- **TASK PROMPT**: From the line that contains "Swedish Tage Westberg" through the last line of the data, copy everything exactly and nothing else, omitting the pictures.

- **RECORDED INFORMATION**:
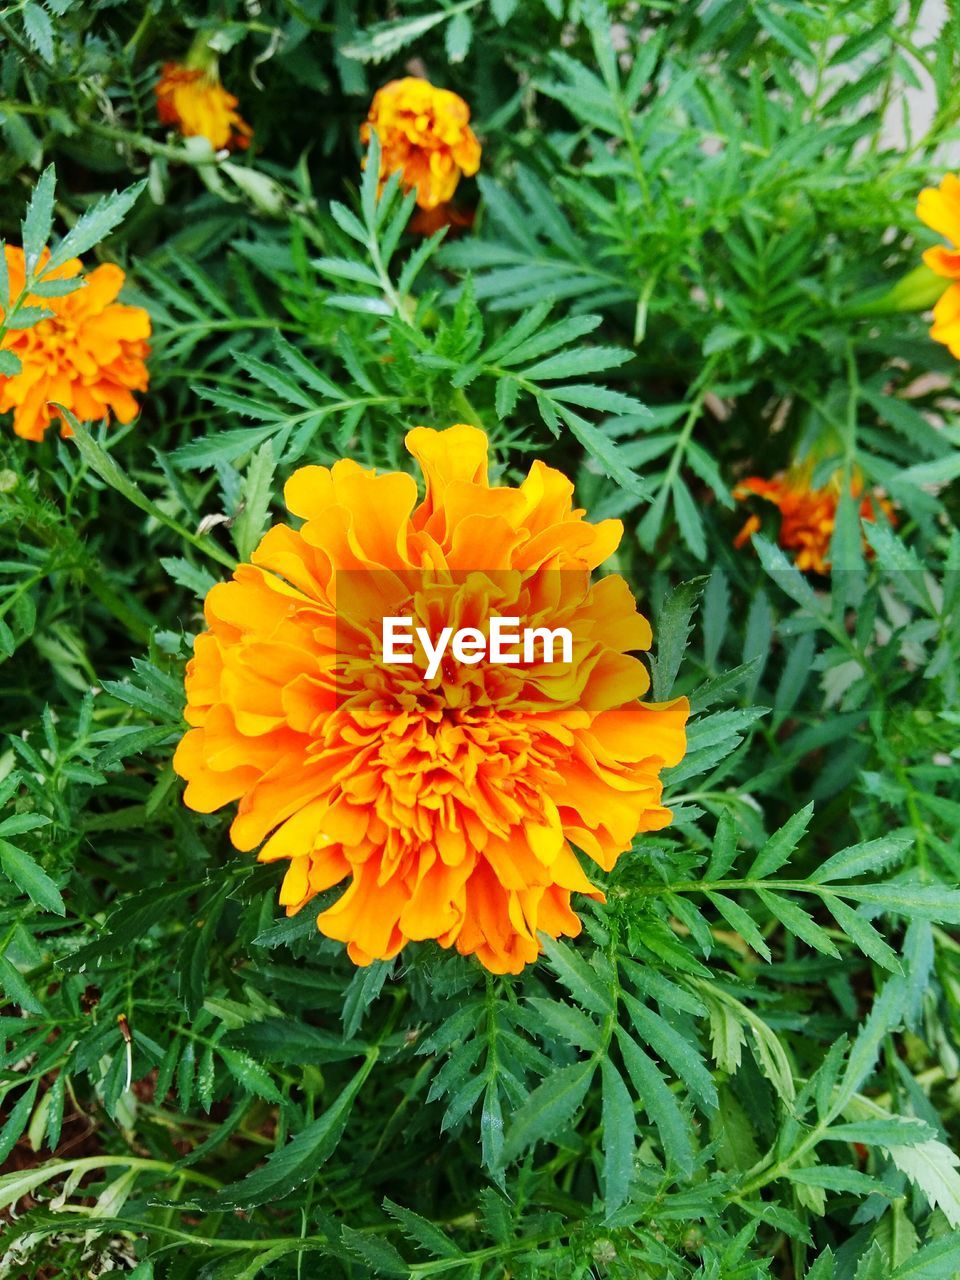 HIGH ANGLE VIEW OF ORANGE MARIGOLD FLOWERS BLOOMING OUTDOORS
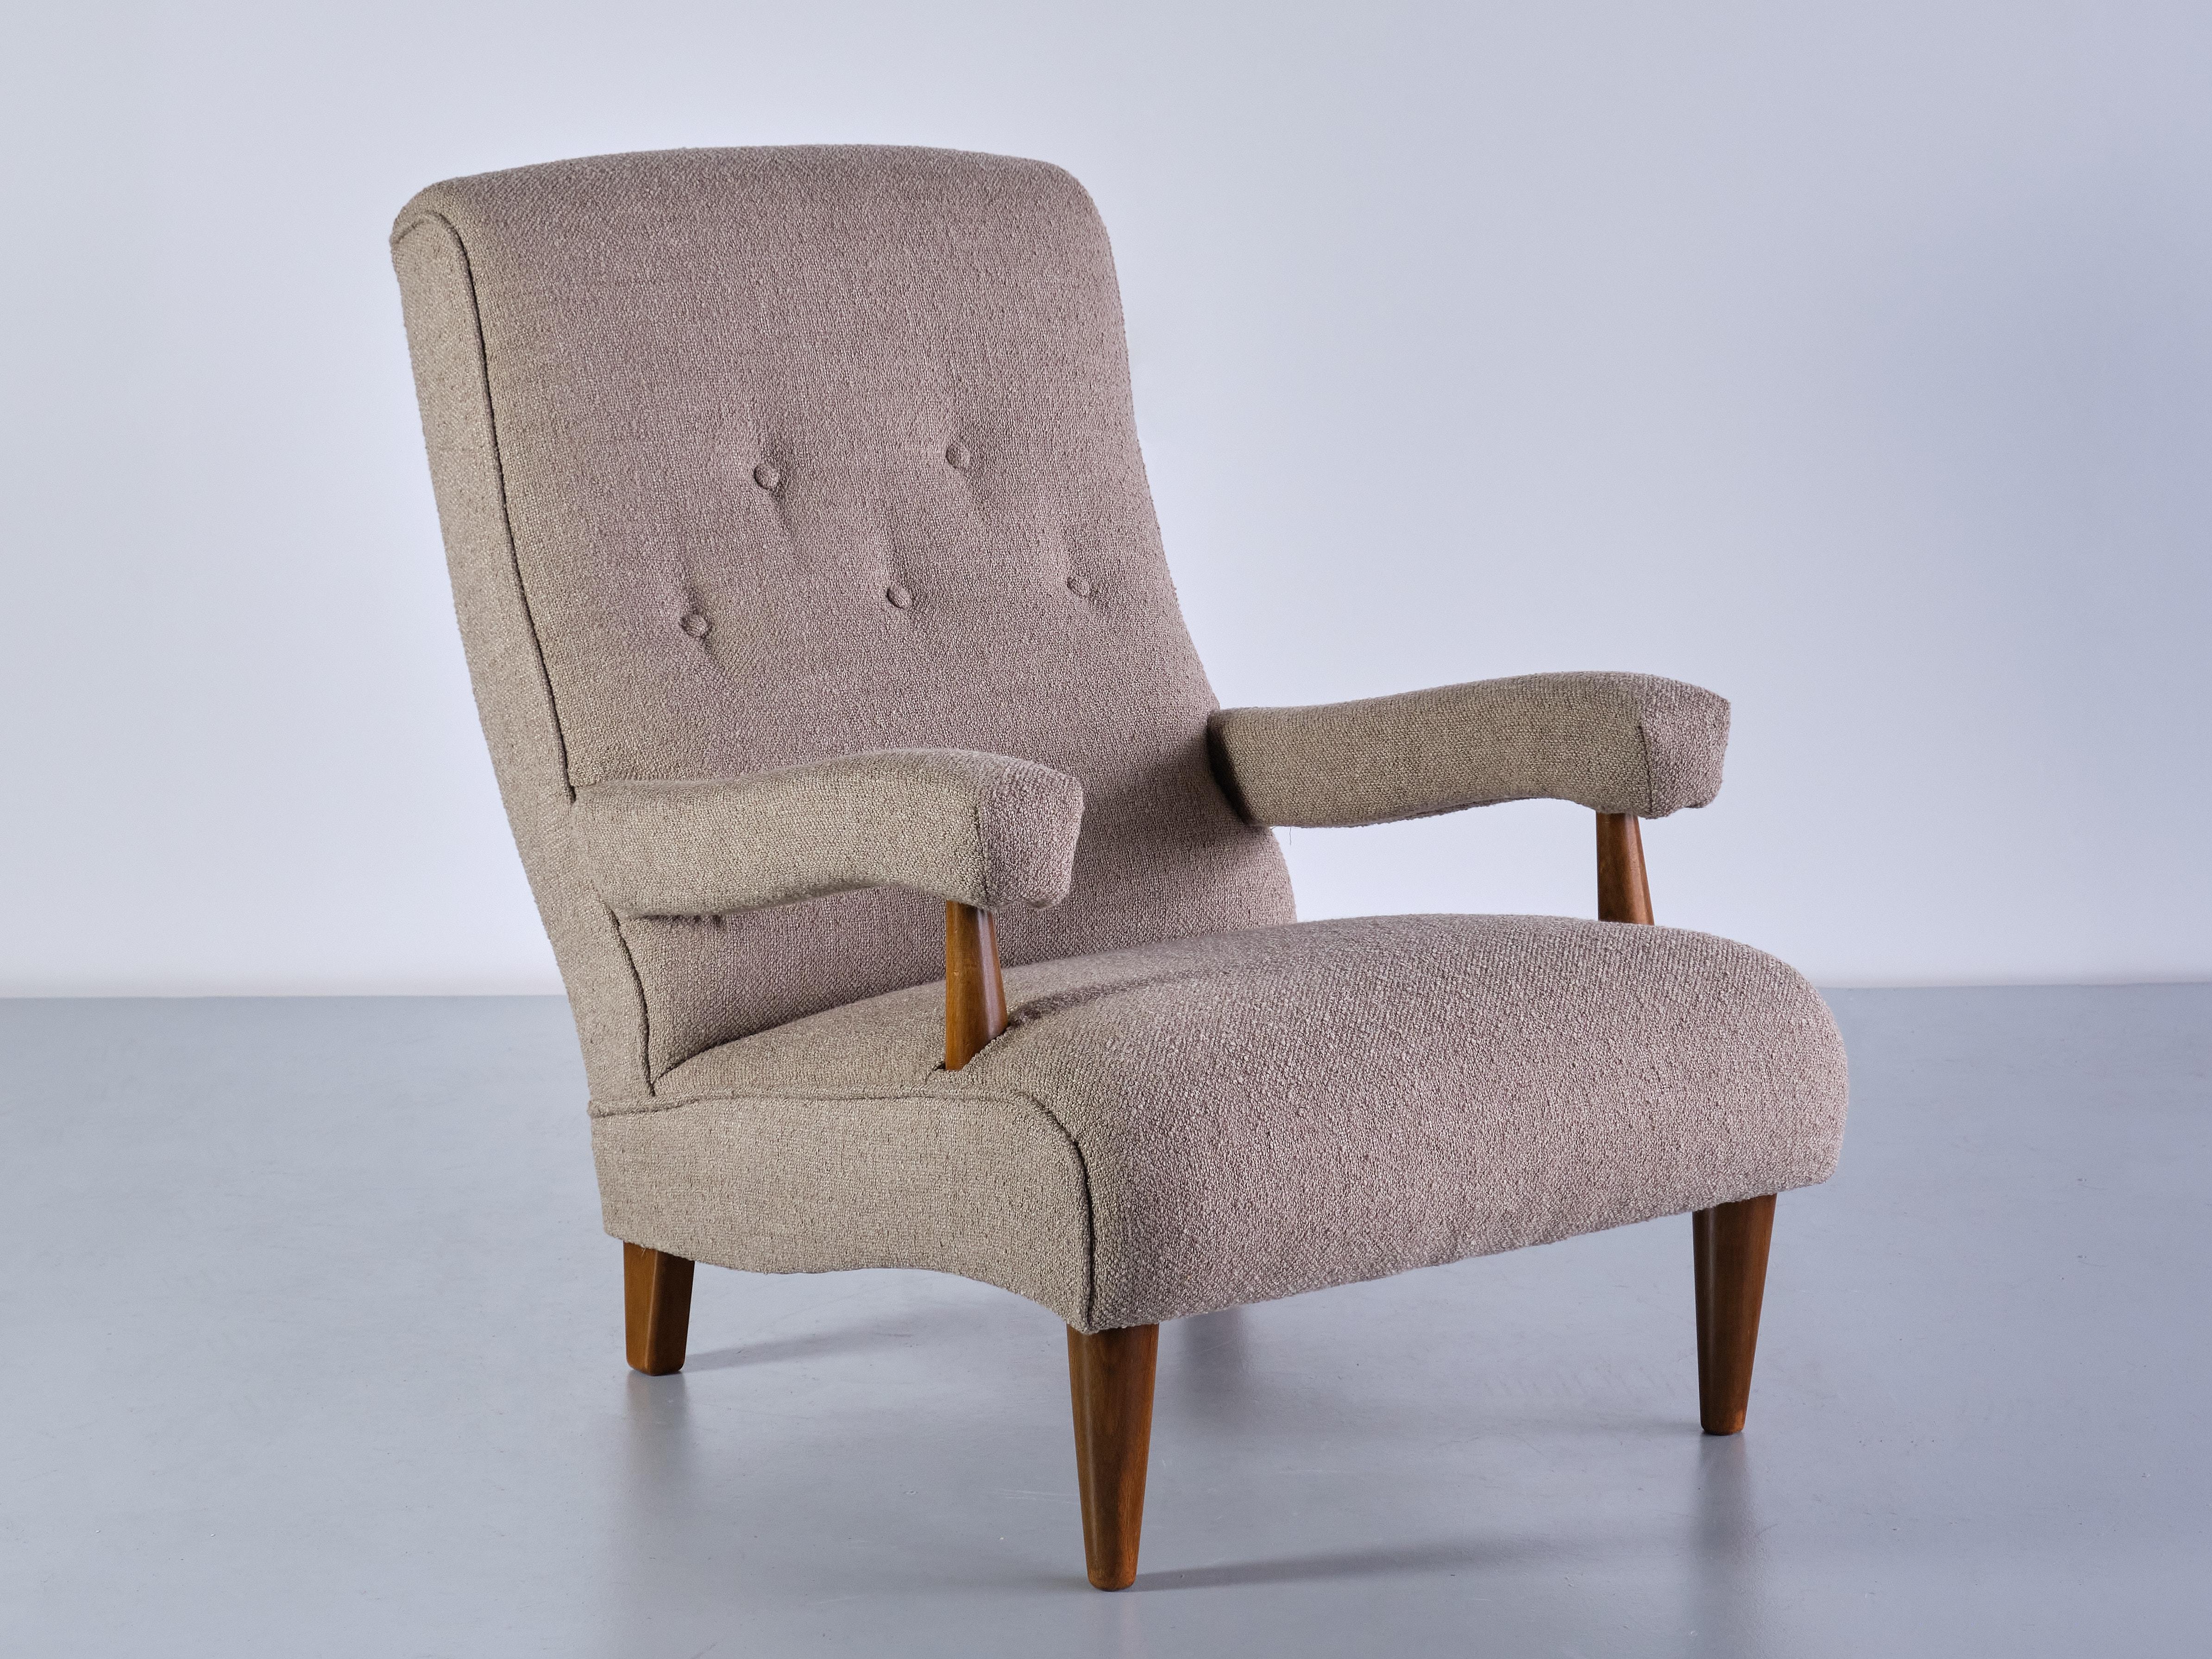 Swedish Tage Westberg Armchair in Bouclé and Beech Wood, Sweden, 1960s For Sale
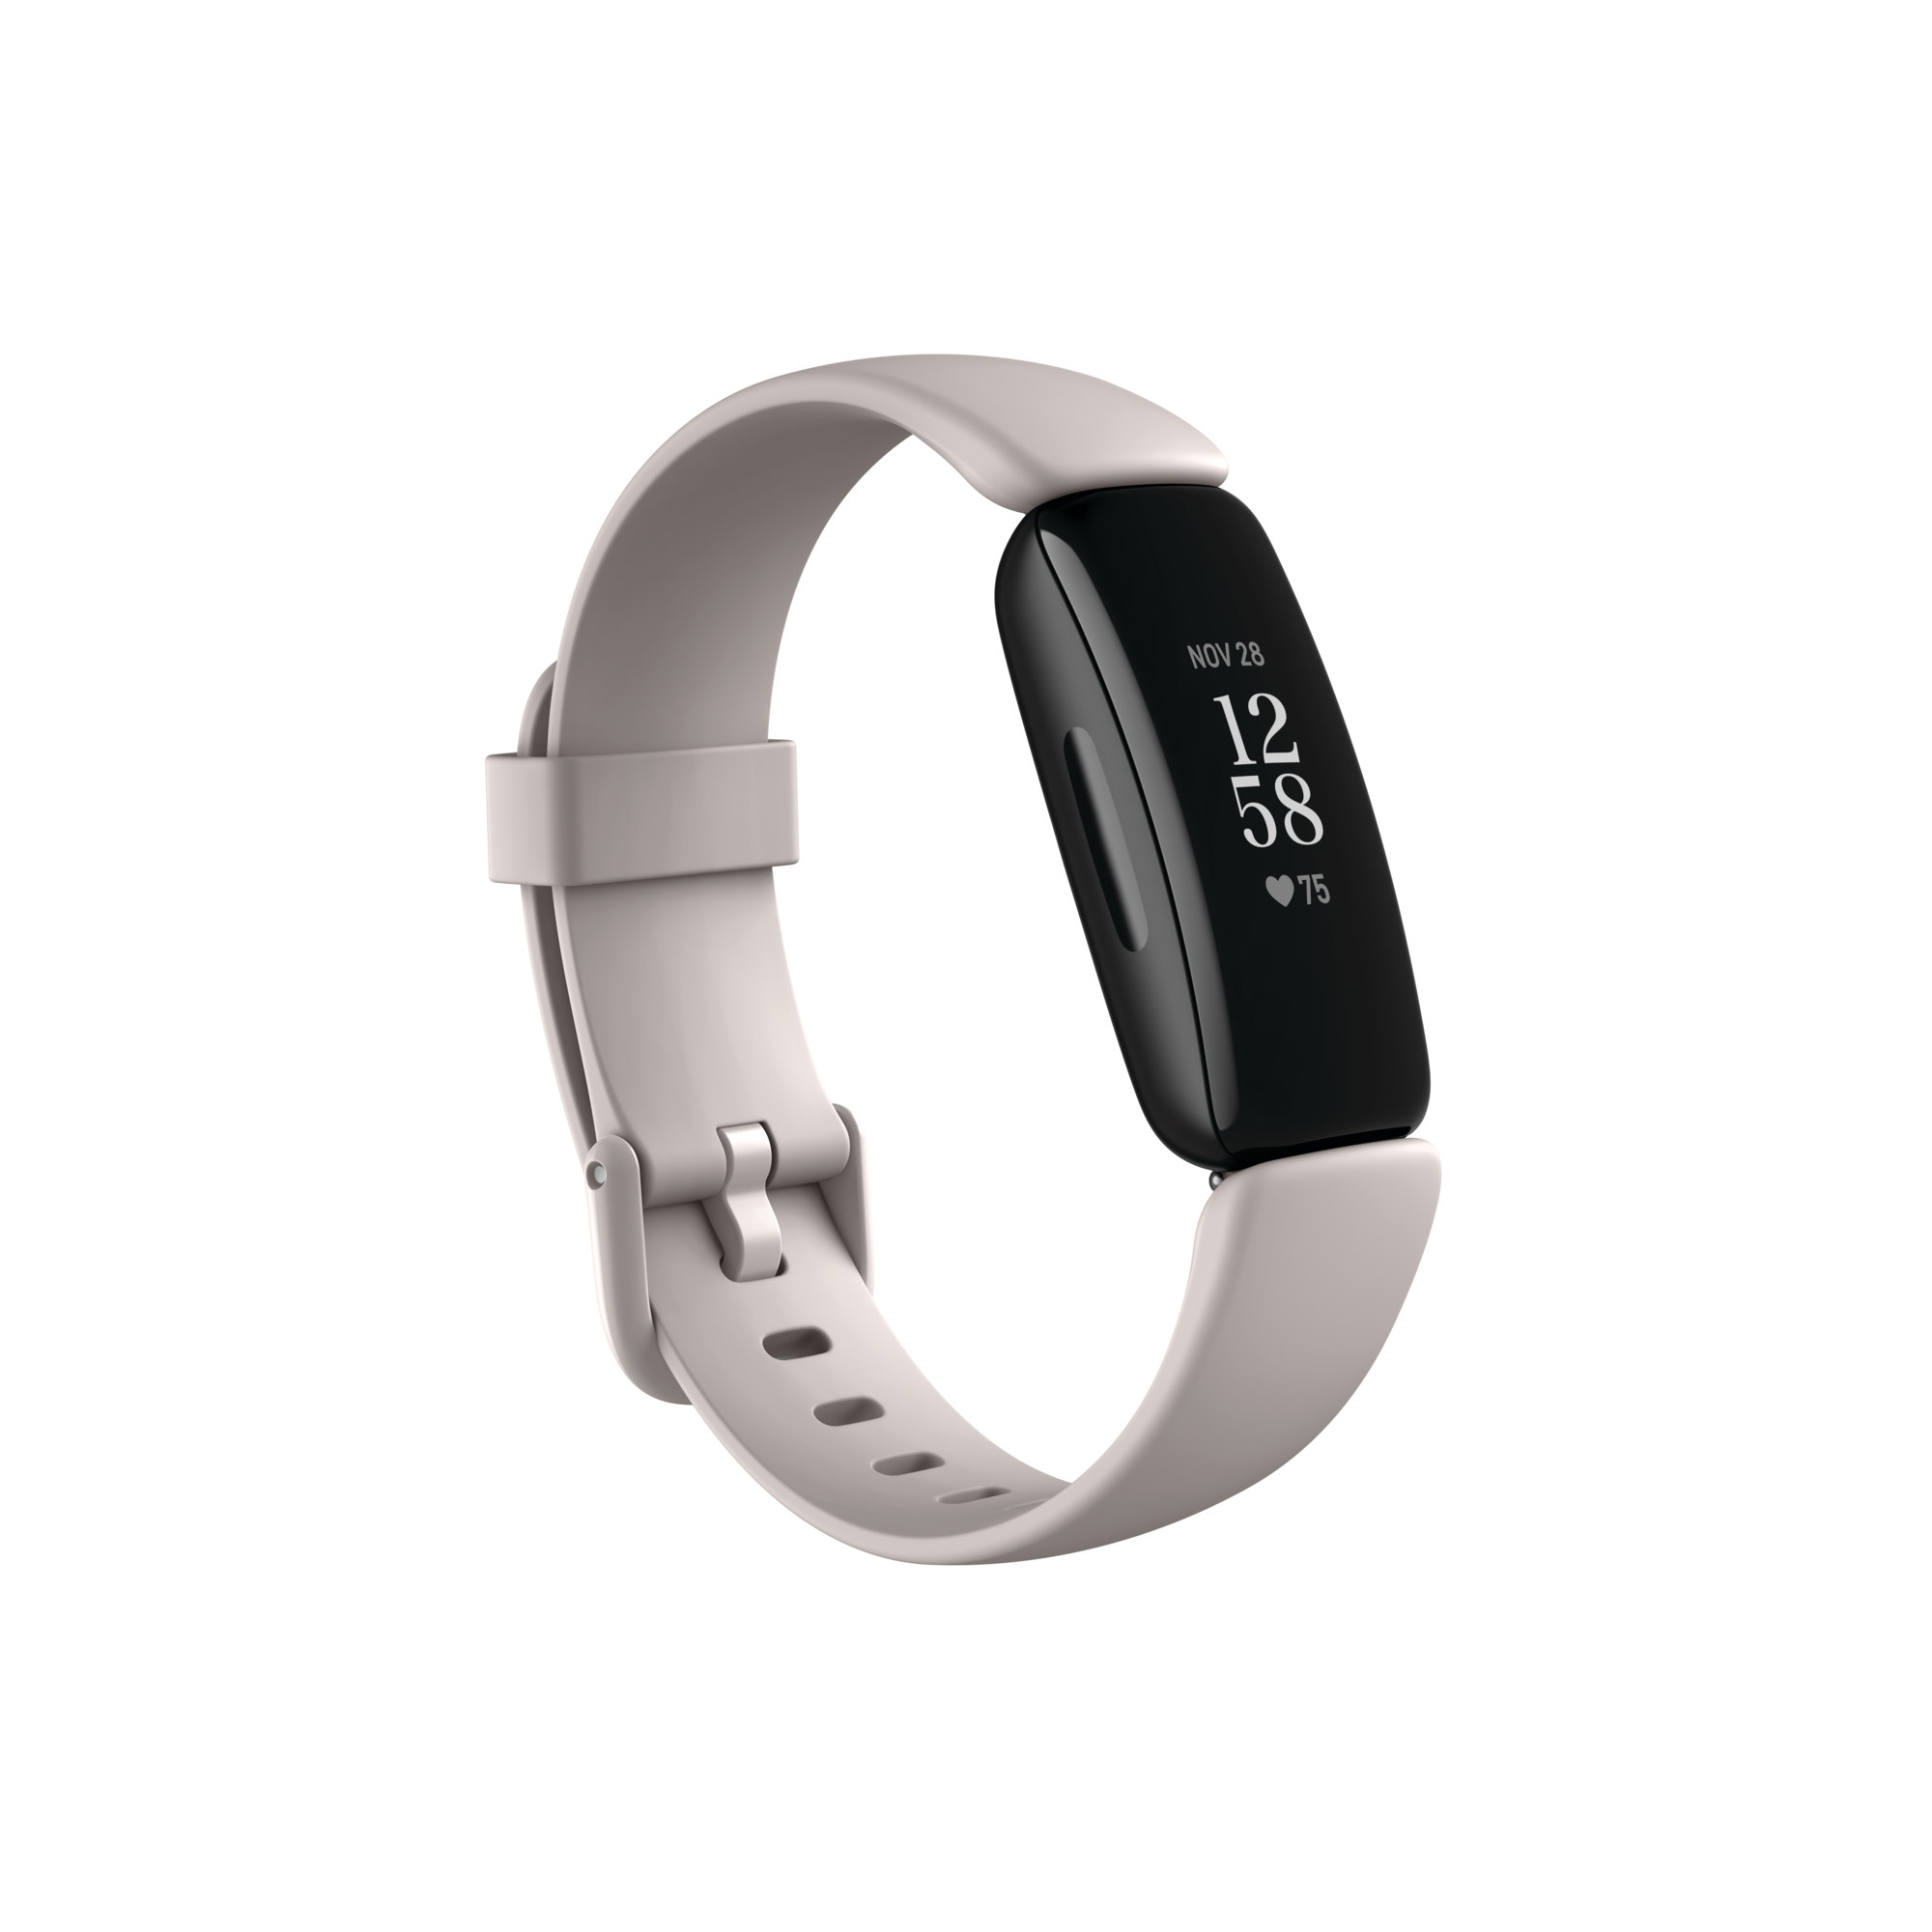 The white smart watch

- **EXPECTED ANSWER**:
 Swedish Tage Westberg Armchair in Bouclé and Beech Wood, Sweden, 1960s For Sale
 The white smart watch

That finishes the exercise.